- UEC European Champion jersey
- Venue: Vélodrome Amédée Détraux, Baie-Mahault
- Date: 16 October
- Competitors: 21 from 10 nations

Medalists
| gold medal | Elena Brezhniva Anastasiia Voinova Daria Shmeleva | Russia |
| silver medal | Miriam Welte Kristina Vogel | Germany |
| bronze medal | Elis Ligtlee Shanne Braspennincx | Netherlands |

= 2014 UEC European Track Championships – Women's team sprint =

The Women's team sprint was held on 16 October 2014.

==Results==
===Qualifying===
The fastest 4 teams qualify for the medal finals.
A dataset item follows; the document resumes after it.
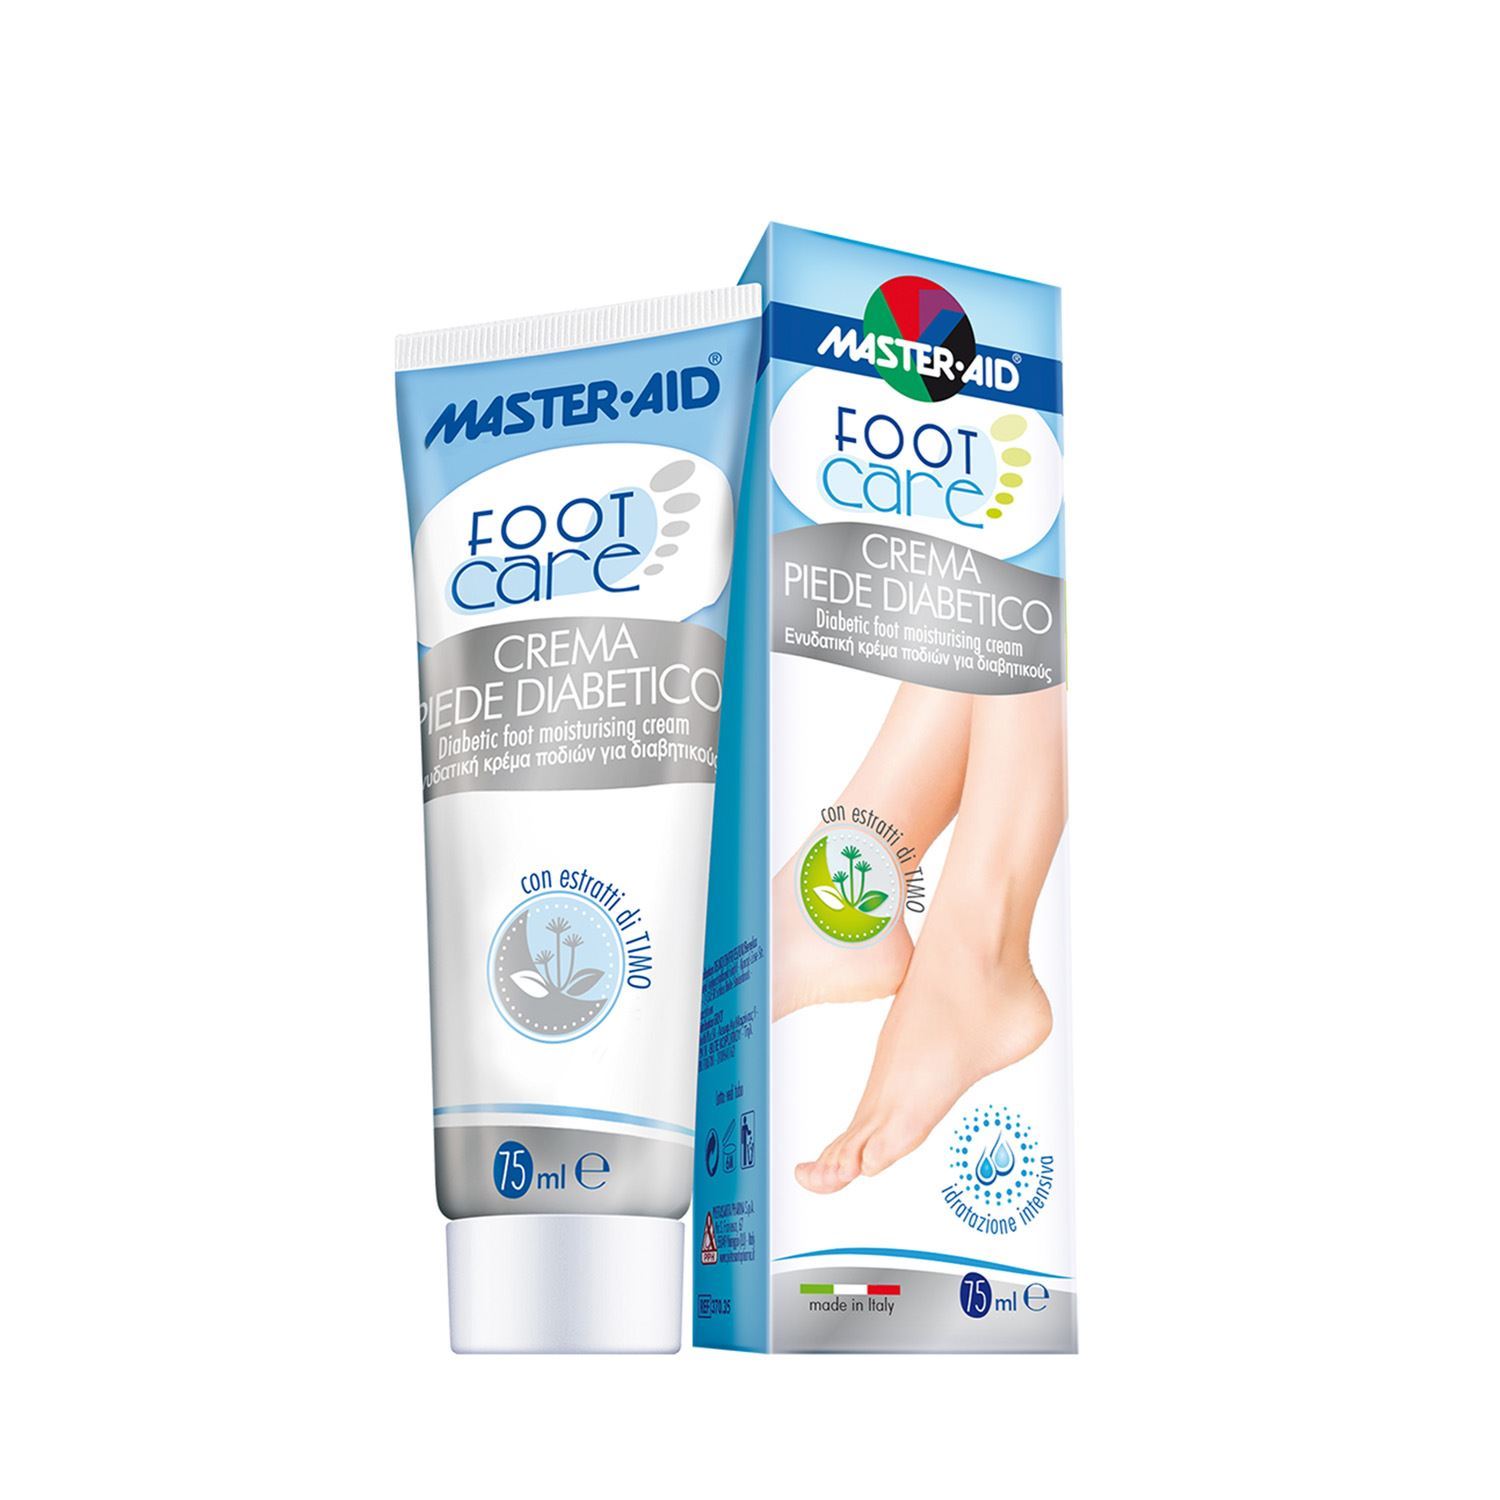 Master-Aid(R) Foot Care Crema Piede Diabetico 75ml
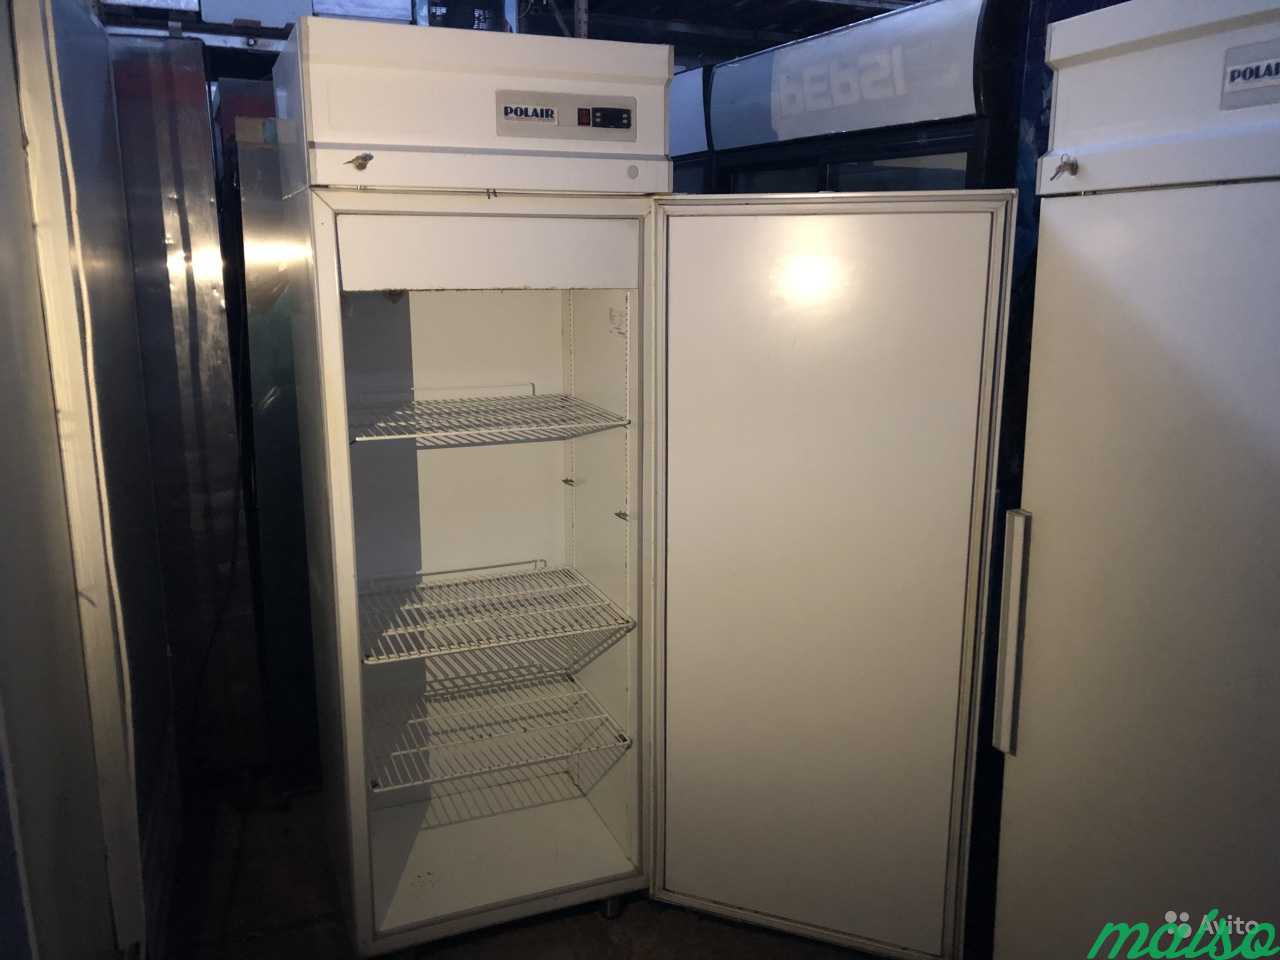 Cb107 s. Шкаф холодильный Polair cv105. Шкаф холодильный Polair cv105-s. Шкаф холодильный Polair cв107-s. Шкаф морозильный ШН-0,5(св 105-s).

| Rank | Name | Nation | Time | Notes |
|---|---|---|---|---|
| 1 | Daria Shmeleva Anastasiia Voinova | Russia | 44.495 | QG |
| 2 | Miriam Welte Kristina Vogel | Germany | 44.996 | QG |
| 3 | Elis Ligtlee Shanne Braspennincx | Netherlands | 45.562 | QB |
| 4 | Sandie Clair Virginie Cueff | France | 45.612 | QB |
| 5 | Gintarė Gaivenytė-Mikalajūnė Simona Krupeckaitė | Lithuania | 46.106 |  |
| 6 | Tania Calvo Helena Casas | Spain | 46.116 |  |
| 7 | Rosie Blount Katy Marchant | Great Britain | 46.263 |  |
| 8 | Urszula Los Katarzyna Kirschenstein | Poland | 47.171 |  |
| 9 | Olena Starikova Olena Tsos | Ukraine | 47.244 |  |
| 10 | Elisa Turunen Sara Ferrara | Finland | 52.003 |  |

- QG = qualified for gold medal final
- QB = qualified for bronze medal final

===Finals===
The final classification is determined in the medal finals.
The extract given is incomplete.